Pandas offers various functions for cleaning and pre-processing data, such as handling missing values, converting data types, removing duplicates and handling outliers.

import pandas as pd
# Load a sample dataset with missing values
df = pd.read_csv("data.csv")
# Handle missing values by replacing them with the mean of the column
df.fillna(df.mean(), inplace=True)
# Convert column data type from string to integer
df['column_name'] = df['column_name'].astype(int)
# Remove duplicates from the DataFrame
df.drop_duplicates(inplace=True)
# Handle outliers by replacing them with the 95th percentile of the column
upper_bound = df['column_name'].quantile(0.95)
df['column_name'] = df['column_name'].apply(lambda x: upper_bound if x > upper_bound else x)

Data aggregation

It is possible to perform various operations to aggregate and summarise data, such as groupby, pivot tables and resampling. These operations can be helpful in transforming raw data into useful insights.

import pandas as pd
# Load a sample dataset
df = pd.read_csv("data.csv")
# Group the data by a categorical column and calculate the mean of a numeric column
grouped = df.groupby('column_name')['numeric_column'].mean()
# Create a pivot table to aggregate the data
pivot = df.pivot_table(index='column_name', values='numeric_column', aggfunc='mean')
# Resample the data to aggregate it by week
resampled = df.resample('W', on='date_column').sum()

Data visualisation

Pandas integrates well with popular data visualisation libraries such as Matplotlib, Seaborn and Plotly. This makes it easy to create bar charts, histograms, scatter plots and more to visualise and communicate insights from your data.

import pandas as pd
import matplotlib.pyplot as plt
# Load a sample dataset
df = pd.read_csv("data.csv")
# Create a bar plot to visualize the distribution of a categorical column
df['column_name'].value_counts().plot(kind='bar')
plt.show()
# Create a histogram to visualize the distribution of a numeric column
df['numeric_column'].plot(kind='hist')
plt.show()
# Create a scatter plot to visualize the relationship between two numeric columns
df.plot(x='numeric_column_1', y='numeric_column_2', kind='scatter')
plt.show()

Pandas vs. NumPy

Pandas differs in some respects from NumPy, another popular library for numerical calculations in Python.
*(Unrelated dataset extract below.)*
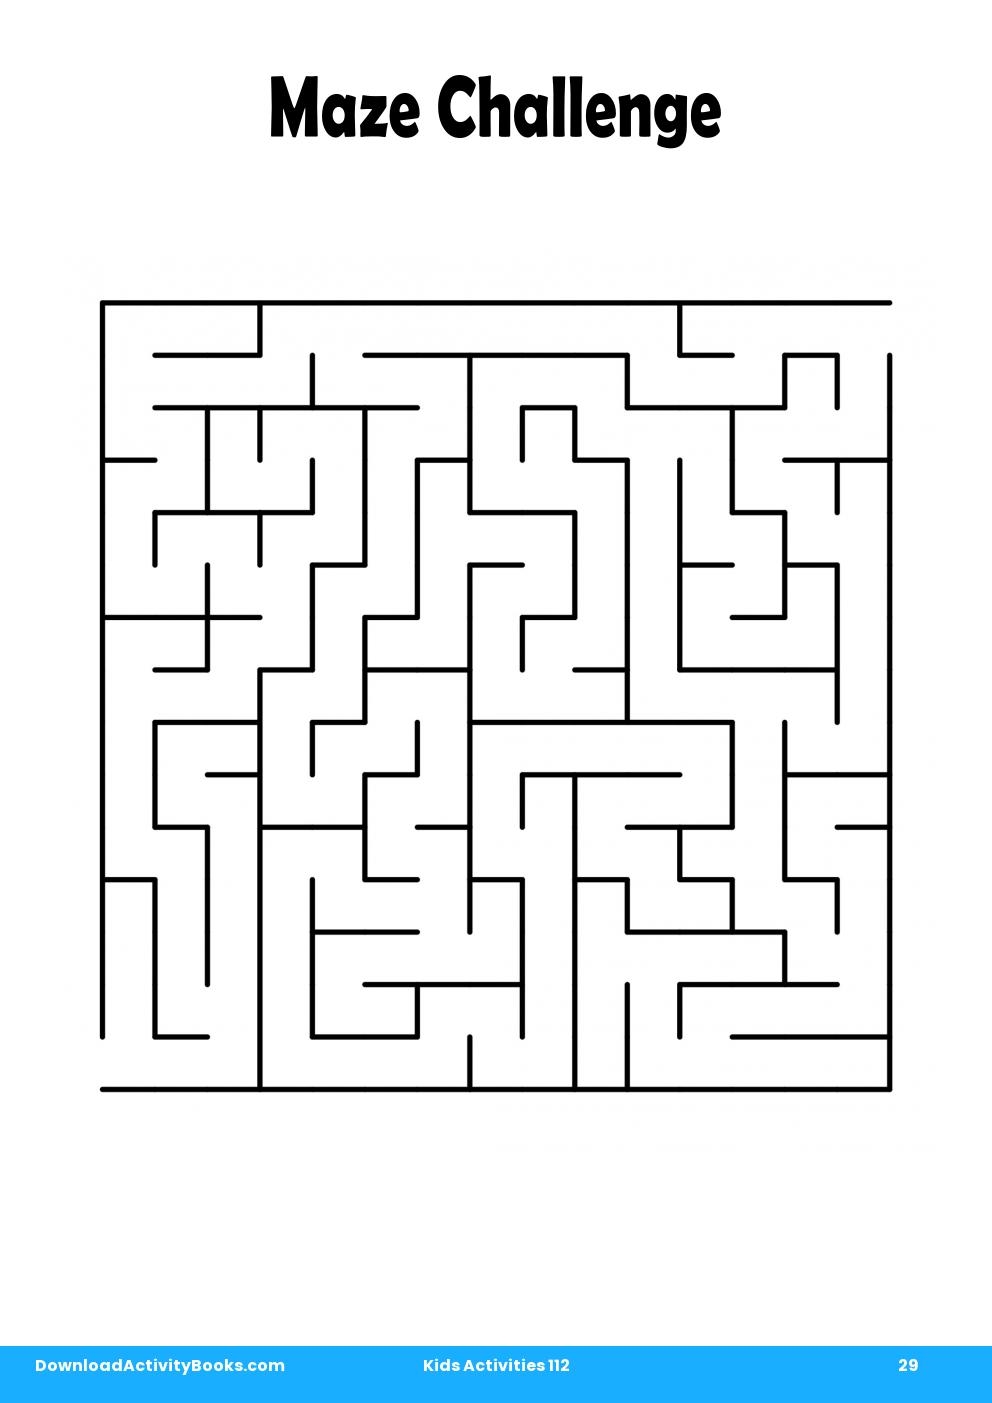 Maze Challenge in Kids Activities 112

While NumPy provides basic numerical operations, Pandas offers more advanced data analysis and manipulation capabilities. NumPy works mainly with arrays, while Pandas works with rows and data frames that are labelled and allow mixed data types. Also, unlike NumPy, Pandas offers built-in handling of missing values.

Pandas vs. SQL

A significant difference between Pandas and SQL is that Pandas is a library for in-memory data processing, while SQL is a language for accessing and manipulating data stored in databases. SQL is better suited for working with large, persistently stored data sets, while Pandas is more flexible for fast and efficient data manipulation, exploration and analysis.

Application Programming Interface (API)

What is an application programming interface (API)?

API stands for Application Programming Interface and refers to a programming interface that enables the Communication between different applications enables. External programmes can gain access to certain components of a software via an API and transfer data.

Unlike with a binary interface, the programme connection takes place at source code level takes place. Operations are carried out via standard commands so that compatibility with different programming languages is guaranteed. Among other things, an API can be based on Databaseshard disks, graphics cards and user interfaces.

The advantage of a programming interface is the Easy integration of new application components into an existing system. In addition, APIs are usually documented in detail with their associated parameters.

How does an API work?

Programming interfaces (API) are used in particular by developers to allow their programmes to dock with another. A programming interface specifies how data can be received and sent. The commands and data types that an API accepts are defined in protocols. They are used by the corresponding components for uniform communication.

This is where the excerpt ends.